In the audio of the March 6 meeting, Moseley said the firm would be able to keep making money on the cases by partnering with another firm and continuing to work “in the background.”
But the deal Moseley said he was negotiating with San Antonio personal-injury attorney Mikal Watts – whom Moseley touted as a “billionaire” whose resources would help MMA survive and even thrive – fell through.
Watts told WWL-TV he worked through March hoping to find a way to help MMA’s clients but an agreement with Moseley “wasn’t attainable.”
In April, Moseley testified in federal court in Lake Charles that he tried to strike a similar deal to share fees with a big Louisiana law firm, LaBorde Earles.
Court records show MMA clients received letters on LaBorde Earle's letterhead and purportedly signed by the Lafayette-based firm's founding partner Digger Earles, saying, “We have agreed to substitute as your counsel and are pleased to take over your case” with the client’s approval.
Except, one problem: Earles stood up in court after Moseley’s testimony and testified that his firm never had an agreement with MMA and never sent the letters, either.
The former MMA paralegal told WWL-TV it was MMA that sent the letters, not LaBorde Earles.
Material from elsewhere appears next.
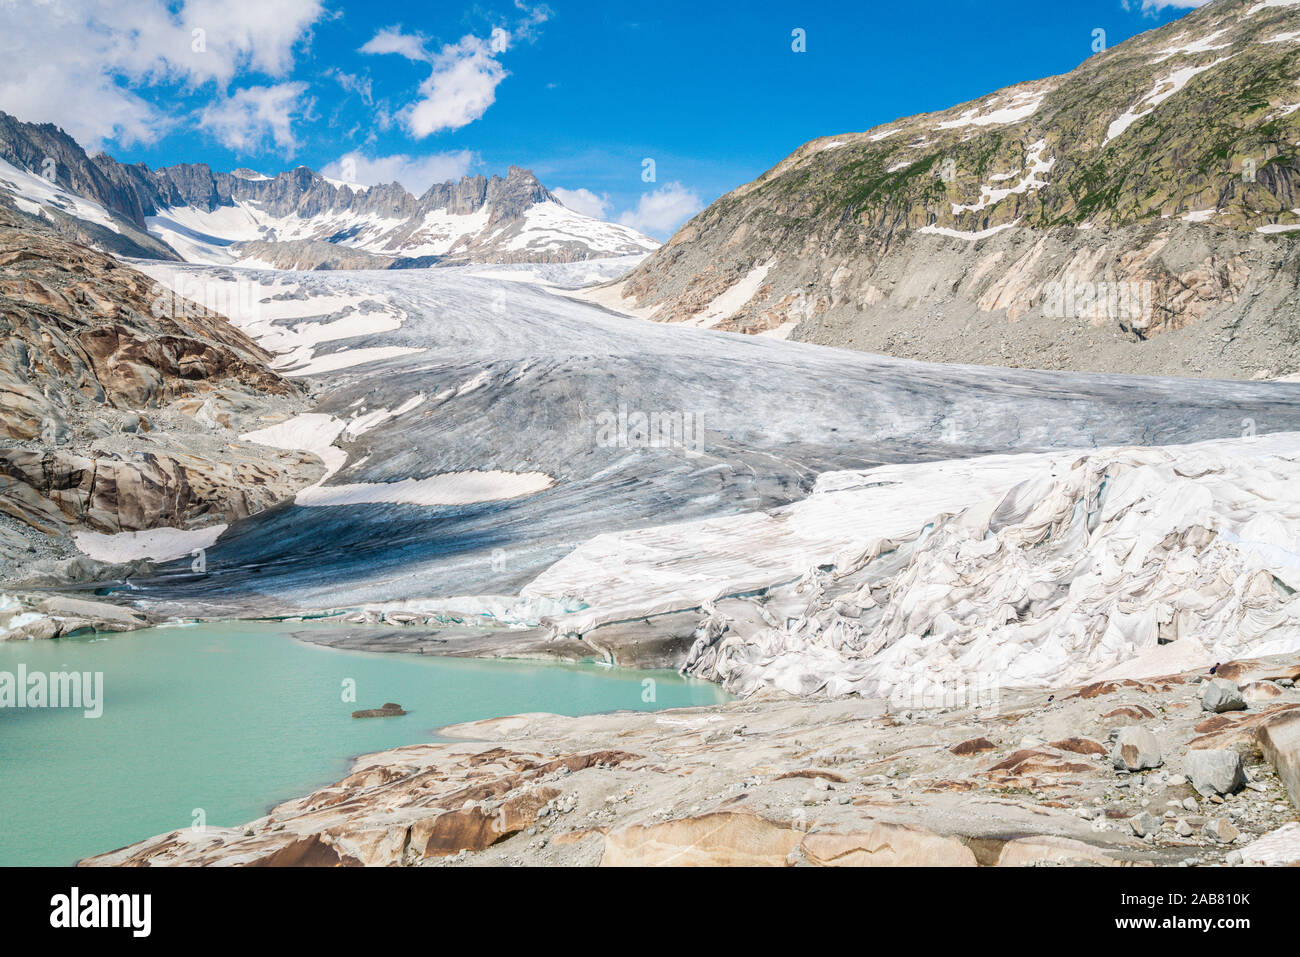 Il lago glaciale e il ghiacciaio del Rodano parzialmente protetti dalle coperte a fusione lenta, Gletsch, Canton Vallese, Svizzera, Europa Foto Stock

“We did distribute those with the understanding that (Earles) did have an agreement with Zach Moseley,” she said.
Earles said his firm signed up 400 former MMA clients but declined to comment further on Moseley’s claim that LaBorde Earles had an agreement with MMA. The court later ordered MMA to stop communicating with any of its former clients.
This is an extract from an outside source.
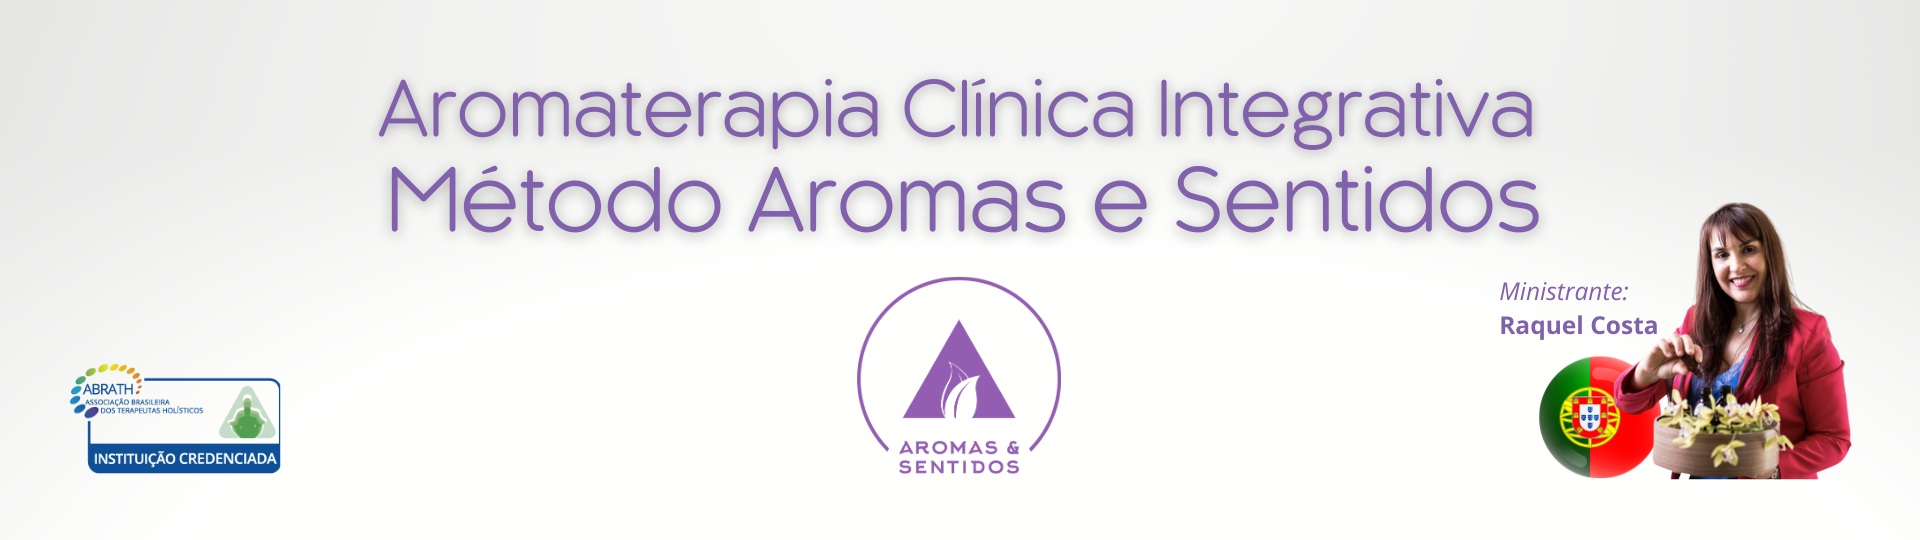 Formação Internacional em Aromaterapia Clínica Integrativa - Método Raquel Costa

In the March 6 meeting with his staff, Moseley said he was looking for a new name for his firm, one without any partner’s name in it, and would offer a prize to the person who came up with the best name. Later, he asked his staff not to call him with questions or concerns, explaining he’s a Millennial and prefers text and email to speaking on the phone. One of the staff members quickly interjected with a suggested new name that made her colleagues burst out laughing:
“Don’t Call Us Law Firm.”
This is part five in a David Hammer Investigation into allegations of fraud against MMA. In part one, David took a closer look at the court cases filed against MMA and the massive 'roofing scheme' that left the payouts in limbo. In part two, an investigation into what led to the firm's suspension from practicing law in Louisiana. Part three, focuses on the impact of MMA's alleged fraud on their clients. On Wednesday, in part four, David unpacked the recordings of Moseley.